## Instructions to follow
Where the string "Nike" occurs in a line of the data below, that line should be copied.

## Exercise material
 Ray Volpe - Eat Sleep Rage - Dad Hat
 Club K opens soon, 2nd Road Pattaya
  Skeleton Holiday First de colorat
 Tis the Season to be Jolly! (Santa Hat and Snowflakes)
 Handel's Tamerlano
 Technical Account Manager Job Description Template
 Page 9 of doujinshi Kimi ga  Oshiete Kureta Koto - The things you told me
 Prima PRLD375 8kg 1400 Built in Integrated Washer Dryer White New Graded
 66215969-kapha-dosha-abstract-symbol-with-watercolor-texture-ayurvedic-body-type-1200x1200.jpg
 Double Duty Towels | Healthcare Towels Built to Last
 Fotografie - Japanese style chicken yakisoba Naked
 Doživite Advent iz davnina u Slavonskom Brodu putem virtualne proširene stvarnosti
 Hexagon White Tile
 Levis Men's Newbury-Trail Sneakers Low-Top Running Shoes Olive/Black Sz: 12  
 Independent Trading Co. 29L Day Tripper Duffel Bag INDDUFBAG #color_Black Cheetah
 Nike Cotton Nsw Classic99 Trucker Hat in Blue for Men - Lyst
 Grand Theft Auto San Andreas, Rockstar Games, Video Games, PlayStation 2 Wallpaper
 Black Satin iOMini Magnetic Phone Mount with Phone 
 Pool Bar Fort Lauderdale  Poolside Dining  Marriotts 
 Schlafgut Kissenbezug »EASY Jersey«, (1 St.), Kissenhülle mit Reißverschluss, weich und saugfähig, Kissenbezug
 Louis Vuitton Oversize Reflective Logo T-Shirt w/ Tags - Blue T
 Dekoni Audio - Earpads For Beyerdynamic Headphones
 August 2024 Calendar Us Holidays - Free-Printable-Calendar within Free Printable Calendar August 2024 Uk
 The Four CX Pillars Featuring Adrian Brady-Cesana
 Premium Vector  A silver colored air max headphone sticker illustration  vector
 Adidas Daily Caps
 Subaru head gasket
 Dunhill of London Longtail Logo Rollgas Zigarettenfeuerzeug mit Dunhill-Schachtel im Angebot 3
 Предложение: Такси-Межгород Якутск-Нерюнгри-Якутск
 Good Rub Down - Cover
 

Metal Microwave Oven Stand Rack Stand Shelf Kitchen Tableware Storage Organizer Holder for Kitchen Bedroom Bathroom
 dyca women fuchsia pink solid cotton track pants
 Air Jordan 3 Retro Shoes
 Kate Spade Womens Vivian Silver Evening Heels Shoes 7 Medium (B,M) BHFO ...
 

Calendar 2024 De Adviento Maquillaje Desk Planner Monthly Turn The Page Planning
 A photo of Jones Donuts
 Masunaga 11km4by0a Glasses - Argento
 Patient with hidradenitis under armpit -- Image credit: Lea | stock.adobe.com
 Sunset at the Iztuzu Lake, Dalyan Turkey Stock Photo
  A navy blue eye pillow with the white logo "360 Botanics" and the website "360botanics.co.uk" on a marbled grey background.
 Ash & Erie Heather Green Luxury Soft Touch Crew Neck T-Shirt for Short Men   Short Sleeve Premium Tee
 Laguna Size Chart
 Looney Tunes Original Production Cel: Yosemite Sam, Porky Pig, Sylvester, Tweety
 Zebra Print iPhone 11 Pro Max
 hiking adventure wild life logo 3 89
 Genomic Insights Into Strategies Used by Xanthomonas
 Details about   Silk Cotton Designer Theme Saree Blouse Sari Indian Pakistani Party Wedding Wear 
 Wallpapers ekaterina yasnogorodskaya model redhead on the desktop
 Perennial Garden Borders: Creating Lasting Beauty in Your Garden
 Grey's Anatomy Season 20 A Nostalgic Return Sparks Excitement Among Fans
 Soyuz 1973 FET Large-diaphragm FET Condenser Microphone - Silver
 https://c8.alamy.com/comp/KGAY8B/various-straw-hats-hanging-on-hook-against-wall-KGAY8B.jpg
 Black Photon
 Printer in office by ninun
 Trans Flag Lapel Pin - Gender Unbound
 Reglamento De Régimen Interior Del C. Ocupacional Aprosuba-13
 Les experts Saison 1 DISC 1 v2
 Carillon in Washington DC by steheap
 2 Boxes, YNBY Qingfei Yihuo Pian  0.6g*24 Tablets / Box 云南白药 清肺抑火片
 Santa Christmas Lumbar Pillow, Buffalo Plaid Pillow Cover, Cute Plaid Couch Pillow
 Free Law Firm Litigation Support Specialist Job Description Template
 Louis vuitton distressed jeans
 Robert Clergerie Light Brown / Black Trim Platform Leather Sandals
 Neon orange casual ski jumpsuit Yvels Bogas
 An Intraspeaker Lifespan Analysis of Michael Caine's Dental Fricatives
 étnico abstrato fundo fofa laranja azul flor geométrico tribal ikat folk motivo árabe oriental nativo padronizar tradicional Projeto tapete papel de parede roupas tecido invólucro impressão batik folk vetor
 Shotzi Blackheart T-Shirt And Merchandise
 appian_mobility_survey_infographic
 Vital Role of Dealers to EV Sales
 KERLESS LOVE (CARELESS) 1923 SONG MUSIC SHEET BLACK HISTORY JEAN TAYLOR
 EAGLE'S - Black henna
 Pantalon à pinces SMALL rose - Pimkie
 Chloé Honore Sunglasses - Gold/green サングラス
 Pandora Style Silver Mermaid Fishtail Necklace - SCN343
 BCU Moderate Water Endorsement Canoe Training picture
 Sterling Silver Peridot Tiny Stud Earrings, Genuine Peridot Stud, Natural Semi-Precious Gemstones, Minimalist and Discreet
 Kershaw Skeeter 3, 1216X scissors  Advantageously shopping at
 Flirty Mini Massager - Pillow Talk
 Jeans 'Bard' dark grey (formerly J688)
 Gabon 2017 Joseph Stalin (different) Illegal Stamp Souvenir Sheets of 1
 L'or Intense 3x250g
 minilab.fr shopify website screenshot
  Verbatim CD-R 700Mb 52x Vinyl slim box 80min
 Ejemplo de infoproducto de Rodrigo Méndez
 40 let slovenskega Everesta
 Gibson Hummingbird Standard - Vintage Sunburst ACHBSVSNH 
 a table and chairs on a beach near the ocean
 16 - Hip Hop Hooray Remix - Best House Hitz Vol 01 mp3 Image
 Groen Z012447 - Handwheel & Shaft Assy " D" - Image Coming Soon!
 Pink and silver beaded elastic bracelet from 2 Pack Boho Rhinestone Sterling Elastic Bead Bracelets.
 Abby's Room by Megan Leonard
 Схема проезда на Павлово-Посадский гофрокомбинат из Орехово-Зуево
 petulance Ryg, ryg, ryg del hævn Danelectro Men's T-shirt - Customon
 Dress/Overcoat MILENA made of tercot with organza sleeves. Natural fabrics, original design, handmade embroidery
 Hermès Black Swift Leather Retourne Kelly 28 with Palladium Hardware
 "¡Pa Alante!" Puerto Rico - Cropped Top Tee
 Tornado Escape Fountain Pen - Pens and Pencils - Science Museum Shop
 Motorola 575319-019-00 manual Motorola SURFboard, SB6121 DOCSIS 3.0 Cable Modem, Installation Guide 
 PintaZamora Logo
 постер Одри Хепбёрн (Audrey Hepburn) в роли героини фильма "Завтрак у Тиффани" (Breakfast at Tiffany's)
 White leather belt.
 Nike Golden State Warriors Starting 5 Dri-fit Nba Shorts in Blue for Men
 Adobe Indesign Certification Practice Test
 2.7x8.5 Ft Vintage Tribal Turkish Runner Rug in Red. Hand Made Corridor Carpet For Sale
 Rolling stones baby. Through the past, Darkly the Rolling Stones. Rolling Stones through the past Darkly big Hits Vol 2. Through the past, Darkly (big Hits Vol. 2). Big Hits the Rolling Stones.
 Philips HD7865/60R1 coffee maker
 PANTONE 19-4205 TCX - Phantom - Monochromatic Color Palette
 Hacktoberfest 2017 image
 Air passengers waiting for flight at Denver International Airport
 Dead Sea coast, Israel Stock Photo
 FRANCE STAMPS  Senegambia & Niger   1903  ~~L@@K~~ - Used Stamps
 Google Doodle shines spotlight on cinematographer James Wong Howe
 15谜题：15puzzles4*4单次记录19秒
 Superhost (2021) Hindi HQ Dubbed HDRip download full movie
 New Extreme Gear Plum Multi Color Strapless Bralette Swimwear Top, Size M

## Result of the exercise
 Nike Cotton Nsw Classic99 Trucker Hat in Blue for Men - Lyst
 Nike Golden State Warriors Starting 5 Dri-fit Nba Shorts in Blue for Men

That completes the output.